As always, it was not a system-centric perspective, but a people-centric vision of how to align individual fulfilment and corporate destiny by forming the best teams, who would set up the leanest systems, which would lead to the highest commitment to customer satisfaction and cost performance.
Here again, the framework shows you what to strive for, and how to develop different relational protocols between executive and teams. The executive lessons from this onion were to first go the workplace with the intention of finding opportunities for kaizen. There, seek out a leader willing to engage in improving things and help them to explore problems and frame them in a way that others could understand (the origin of the lean “tools”), then get people to share their countermeasures and deepen their understanding of the problems in order to change where change was needed, whilst keeping what worked – distinguishing legacy (we want to get rid of) from heritage (we want to preserve). Or, in the terms of my mentor, friend and co-author Orry Fiume: double the good, halve the bad.

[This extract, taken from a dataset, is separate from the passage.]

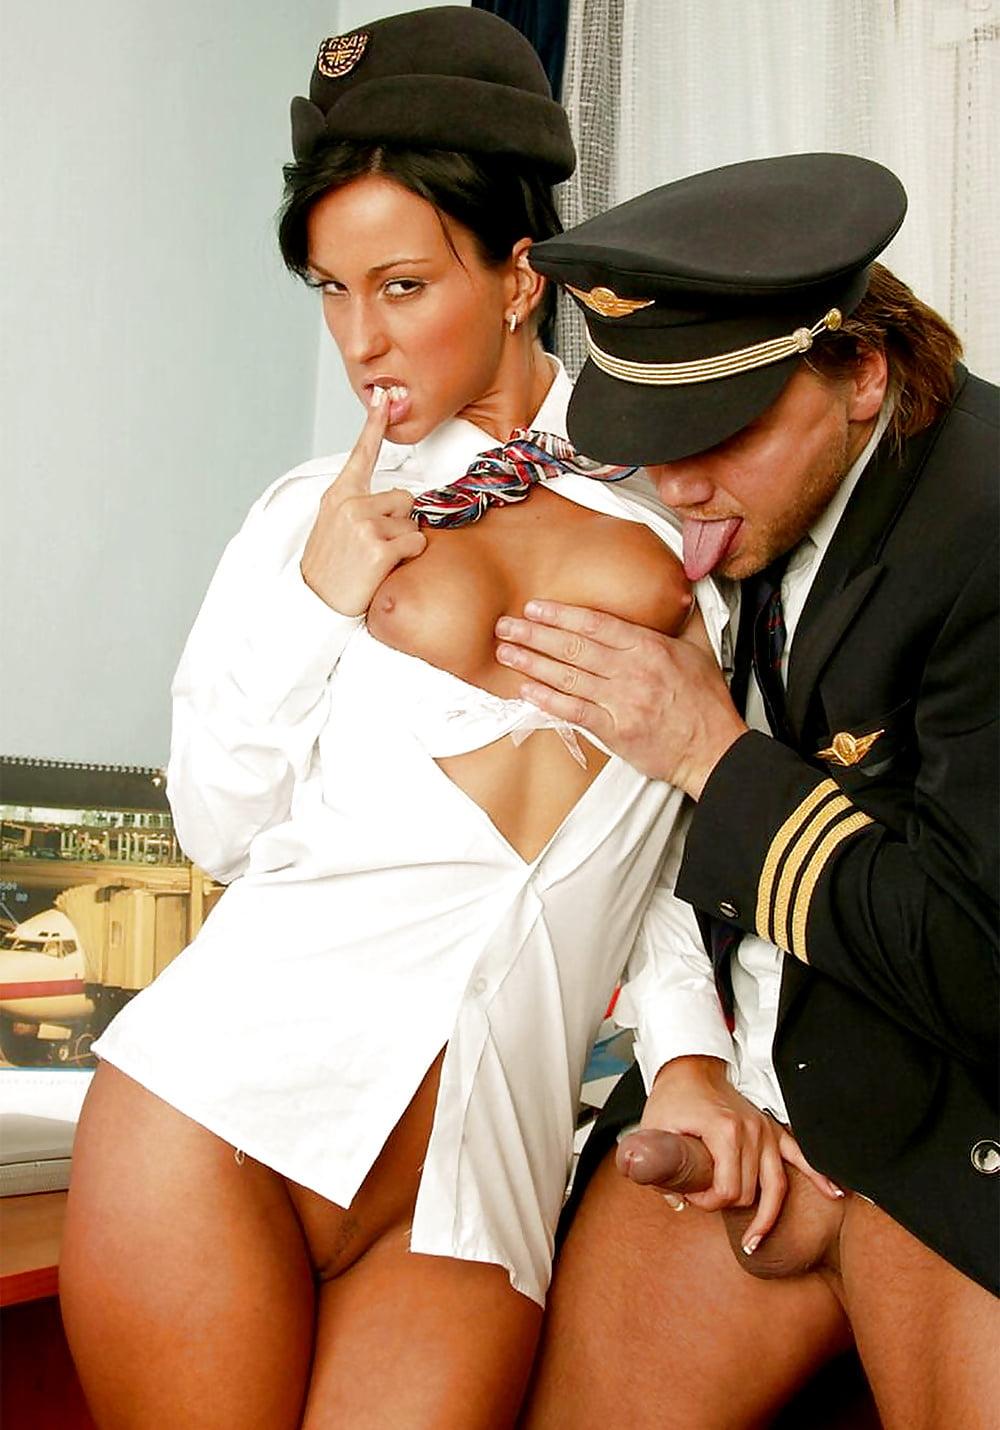 Pilot Fucks A Stewardess Porn Photo

With Orry Fiume, Dan Jones and Jacques Chaize, we put together all the case by case lean transformation attempts we had personally witnessed and we eventually realized lean thinking meant a radical cognitive change, a change in how we look at situations and get into issues. Rather than follow the instinctive 4D of defining the situation (in our minds), deciding what to do, driving the execution and then dealing with the unavoidable consequences, we needed to learn to first, find problems (in the real world) by striving for flow, face the problems we have no immediate solution to by accepting the challenge, framing this challenge in a way that everyone can understand and contribute in order to, finally, form smarter solutions from all brains, not just one brain and many hands.
Still, although this 4F versus 4D insight now governs how I think about lean transformation, it’s easy to succumb to the curse of knowledge and forget how such understanding is forged: by building up each layer of the onion. This means first teaching PDCA, then the TPS framework and finally the Toyota Way executive value system.
When you’re in the thick of it, the core question to any lean transformation is: how? We know the answer: develop people before you develop products or service. But again, how? There is so much to know – how can they possibly absorb all of this? Rather than cramming heads with lean knowledge, I believe we can reproduce learning curves. First teach PDCA on concrete problems and make managers realize they need to engage and lead their teams, not just push more work on their staff. Then teach the TPS to stretch horizons and visualize a path to the vision of zero waste, a waste-free society. Once they have got the hang of the system (and yes, one difficulty is that it is a system – customer satisfaction, just-in-time, jidoka, standards/kaizen and mutual trust are interrelated and interdependent) then teach people how to lead with the Toyota Way by stepping forward on the two feet of continuous improvement and respect-for-people. In this way, each layer can scaffold the next and we can build collective understanding from individual insight – and initiative.
The lessons of thirty years of studying what makes Toyota different? To paraphrase a zen saying: lean mind, beginner’s mind. When the world is messy, things get confused and people push back or backslide, maybe it’s best to go back to the beginning and see it all from a beginner’s mind. Forget everything you know and look at the situation by standing in their shoes, looking from their eyes, as it is all new. Then let your experience and knowledge flow threw and open up new insights and new ways to experiment and discover a new path.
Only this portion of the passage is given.